China has responded by tightening its import strategy and drawing more heavily on domestic inventories. Authorities have encouraged domestic production, restricted fuel exports, and issued additional import quotas to secure discounted supplies, particularly from Russia and Iran.

At the same time, seaborne crude imports are expected to fall to around 6.4–7.5 million barrels per day in May—potentially the weakest level in nearly a decade—following a sharp 20% year-on-year decline in April. This reflects both weaker demand and deliberate stock management by refiners.

Industry estimates suggest refiners have been drawing on commercial inventories at a pace of roughly 1 million barrels per day in recent weeks, reducing reliance on fresh imports. Stockpiles, which peaked near 1.25 billion barrels earlier this year, are now being gradually worked down rather than aggressively replenished.
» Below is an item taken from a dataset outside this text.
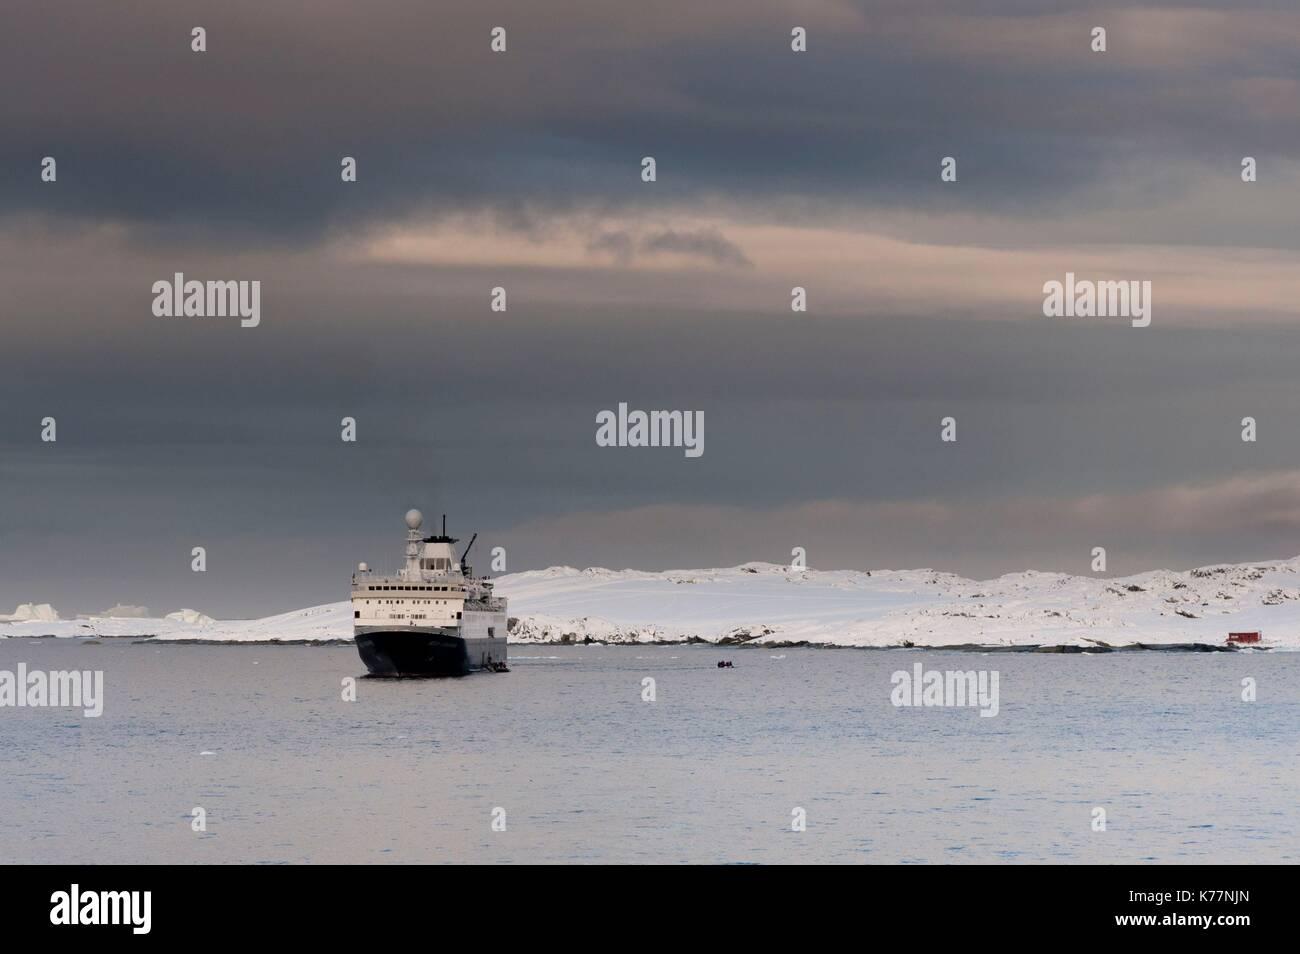 Ozean Endeavour Kreuzfahrtschiff der Lemaire Kanal, Antarktis Stockbild

Refining economics remain under pressure, with margins weakening due to government-controlled fuel prices that limit how much refiners can pass on higher input costs. Analysts estimate losses of roughly 600 to 1,300 yuan per metric ton of crude processed, depending on feedstock quality.

Major state-owned refiners such as Sinopec and large private processors are expected to keep throughput constrained into June. Smaller independent refiners, often referred to as “teapots,” are also facing increasing pressure to cut output despite earlier policy guidance encouraging stable production.

Demand weakness is particularly visible in transport fuels. Gasoline and diesel inventories are reportedly at multi-year highs, while structural shifts such as electrification and increased public transport use are reducing long-term consumption growth in the sector.

Analysts say China’s strategy reflects a calculated balancing act: managing refining losses and inventory levels while maintaining supply security during a period of volatile global oil markets and uneven domestic demand recovery.